Last September I blogged about the 128th Indiana’s position at Franklin, as our community was honored by true living Civil War son Harold Becker. The 128th Indiana straddled Lewisburg Pike as it was placed on the far right flank of Stiles’s brigade at Franklin. This map shows the position of several Indiana regiments at Franklin, including the 128th.
Thanks to an alert from a blog reader, I want to publish an old eyewitness, firsthand account of the action experienced by a member of the 128th Indiana at Franklin.
James G. Staley
Through the winter months and on into the spring of 1864, the enlistment for Company F of the One Hundred and Twenty-eighth Regiment continued. This company was enlisted mostly by Capt. James G. Staley, Lieuts. W. C. Kent and Henry G. Bliss. The regiment rendezvoused at Michigan City. Captain Staley ‘s company was full about the middle of March, 1864. While yet at Camp Anderson, Michigan City, the members of this company purchased a fine sword which was formally presented to Captain Staley by the regimental chaplain, Rev. William P. Koutz, of Monticello.
Company V was the seventh and the last full company to be enlisted in White County for the three-years’ service. Its regiment was mustered into the service March 18, 1864, and first took the field at Nashville, Tennessee. In the Atlanta campaign it fought at Resaca, Dallas, New Hope Church, Lost .Mountain, Kenesaw Mountain, Atlanta and Jonesboro. As part of Thomas’s army it joined in the pursuit of Hood, and at the hard-fought Battle of Franklin, November 30, 1864, its brave captain, James G. Staley, was killed.

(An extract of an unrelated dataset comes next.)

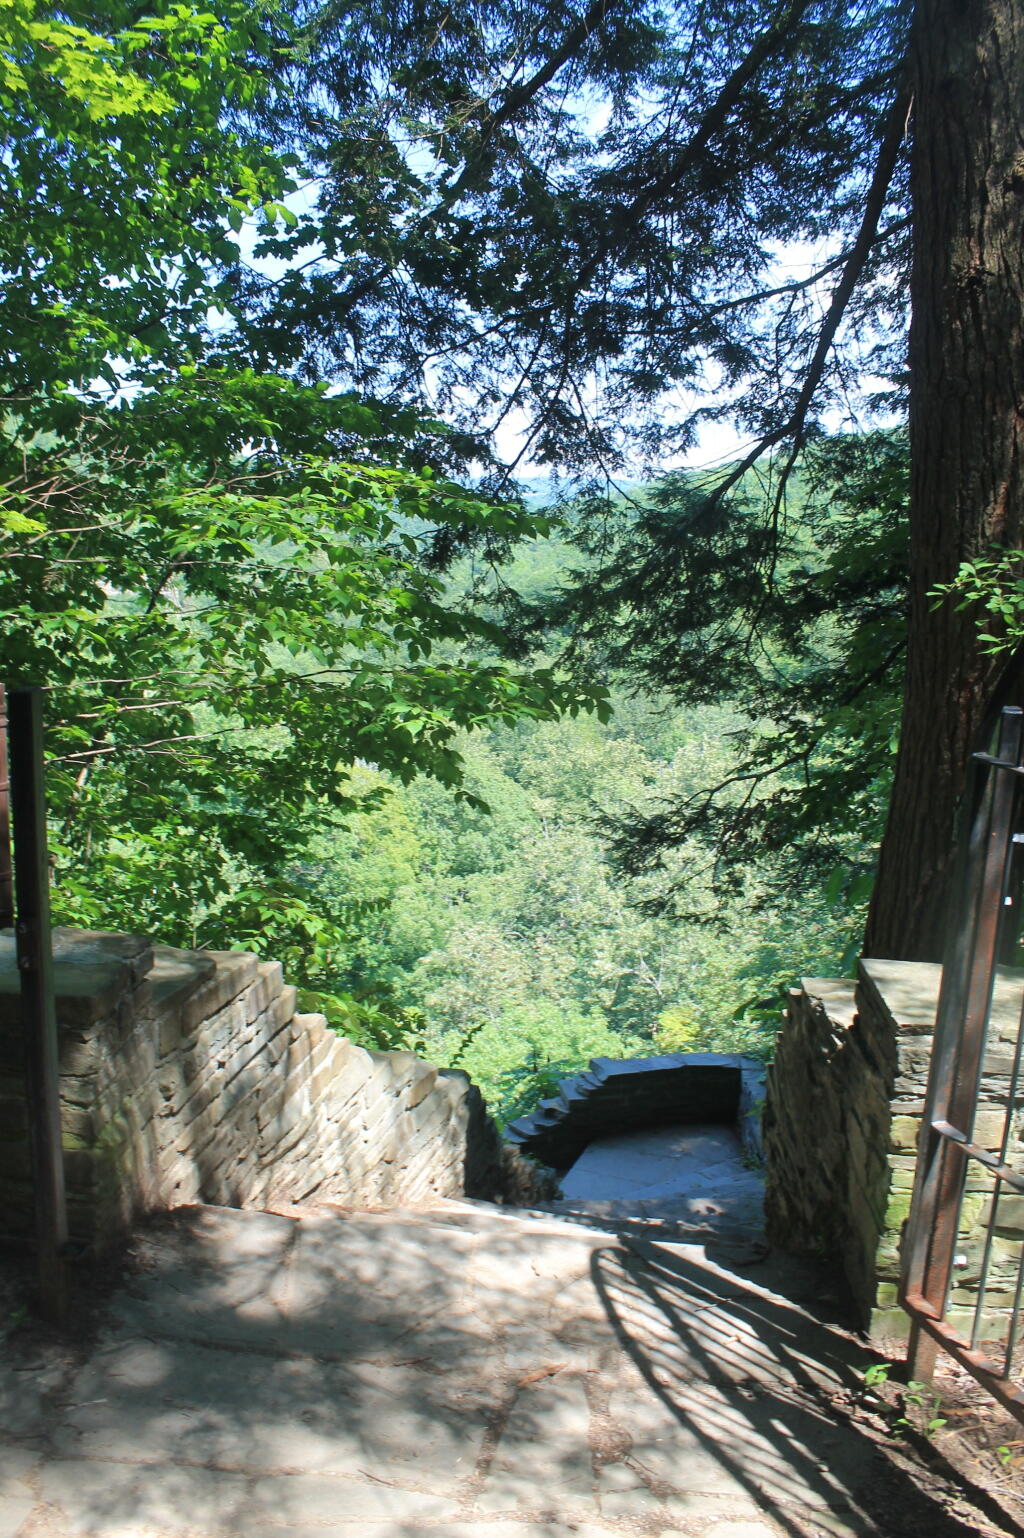 Start of Cliffside Stairs
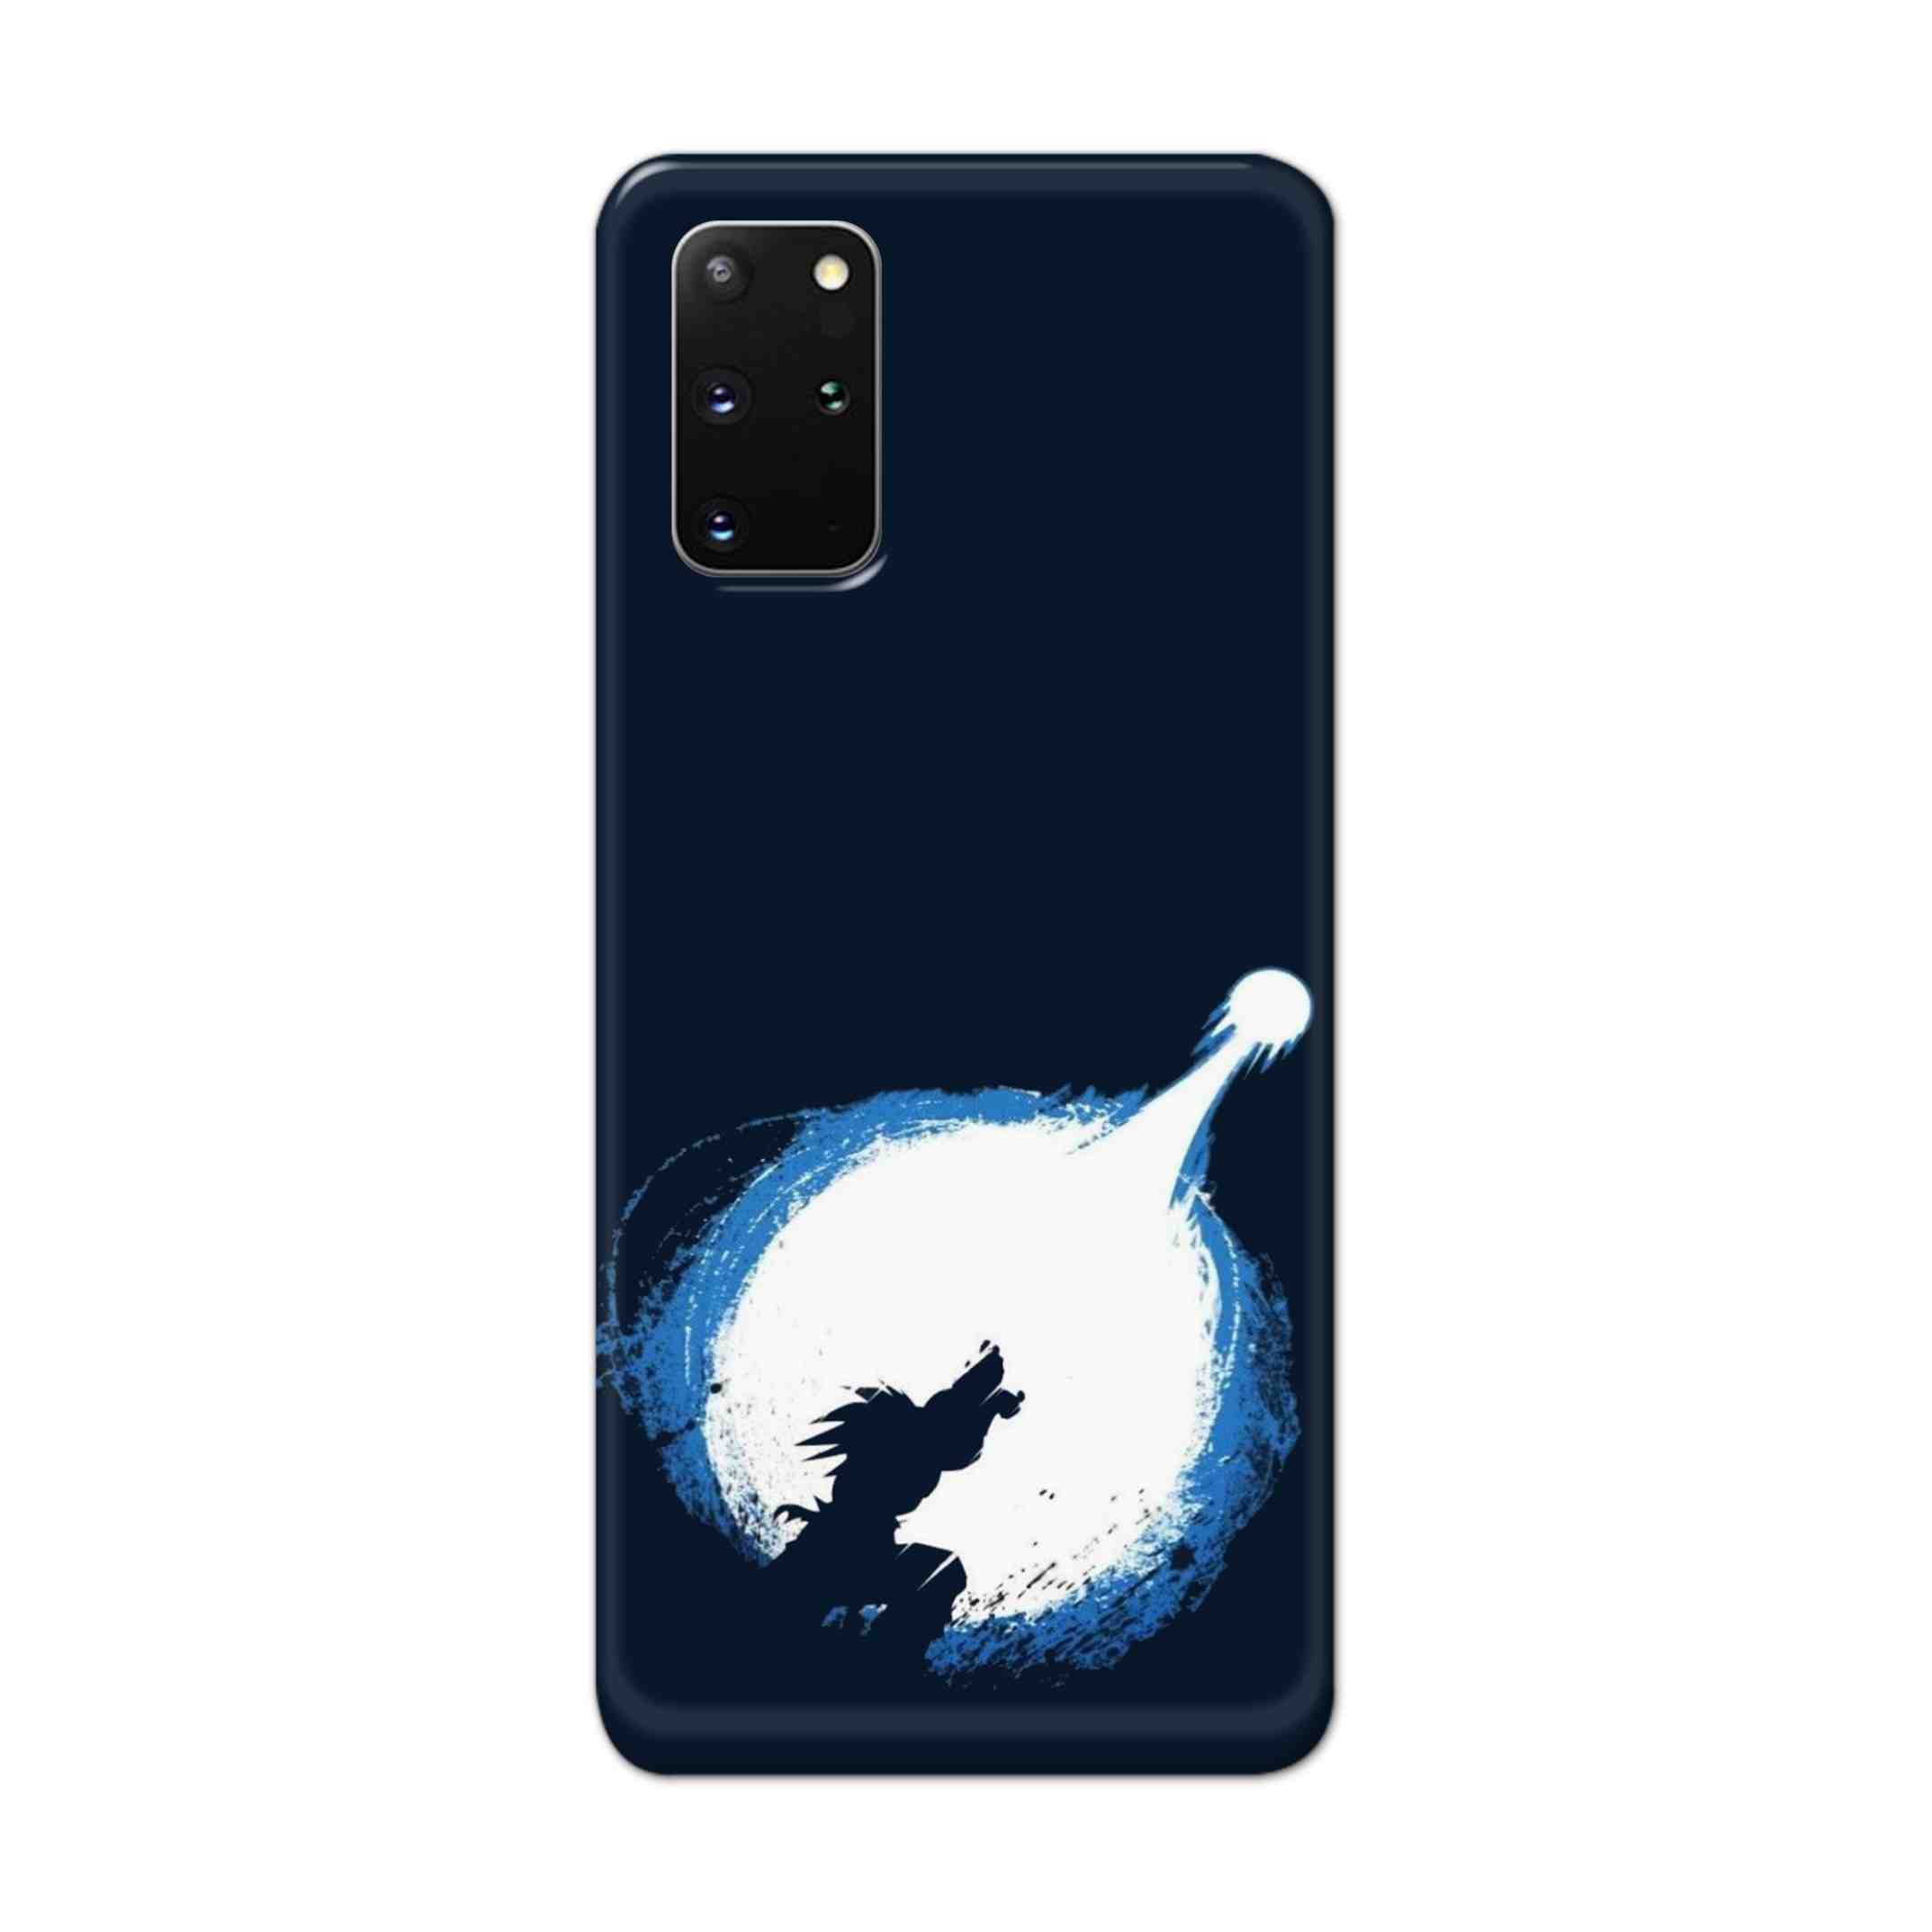 Buy Goku Power Hard Back Mobile Phone Case Cover For Samsung Galaxy S20 Plus Online

One of Captain Staley’s comrades writes of his death and career as follows: “In the beginning of the war he responded to the call of our country and served faithfully as a member of the Ninth Indiana for more than two years, lie was commissioned captain of Company P, 128th Indiana, in January, 1864, and in March left the place of rendezvous with his regiment to take part in the memorable campaign of Atlanta. During that toilsome service of marching, digging, guarding, watching and lighting, lasting four months, without the soldiers being beyond the sound of musketry or artillery, lie nobly, patiently, heroically performed his part. On the 4th of October we left Decatur, Georgia, to begin the fall campaign, and after much skirmishing and marching several hundred miles in Georgia and Alabama, we reached Franklin, Tennessee, closely pressed by the enemy in superior force. It is not my purpose to give a description of the engagement, but I will state that the l28th Indiana occupied breastworks near the extreme left of our line; that the enemy charged right up to and planted their colors on our works, and that their dead and dying which filled the ditches, sufficiently proved how bloody and disastrous was their repulse.
“When the assault was made, Captain Staley was standing up watching the enemy and directing the fire and the use of the bayonets of his men. Just then Captain Bissell, of the same regiment, was shot through the head and fell against Lieutenant Bliss, who, with the assistance of Captain Staley, laid him upon the ground and planed a blanket under his head. This had’ scarcely been done when some one called out ‘They are coming; again,’ and all prepared to receive the enemy. As Captain Staley turned to the works, a minie ball struck him in the forehead, and he, too, fell into the arms of Lieutenant Bliss and died almost instantly. There was no time then to listen to parting words. A desperate hand-to-hand conflict was straining every nerve for the possession of the works. The deadly musket shot, the clash of arms as bayonet came to bayonet and sword to sword, the hurried breathing of the men through their shut teeth, their words of encouragement and mutterings of vengeance, with the thunders of the two pieces of artillery that flanked the company, combined to bring into heroic exercise every muscle of the body and every power of the mind.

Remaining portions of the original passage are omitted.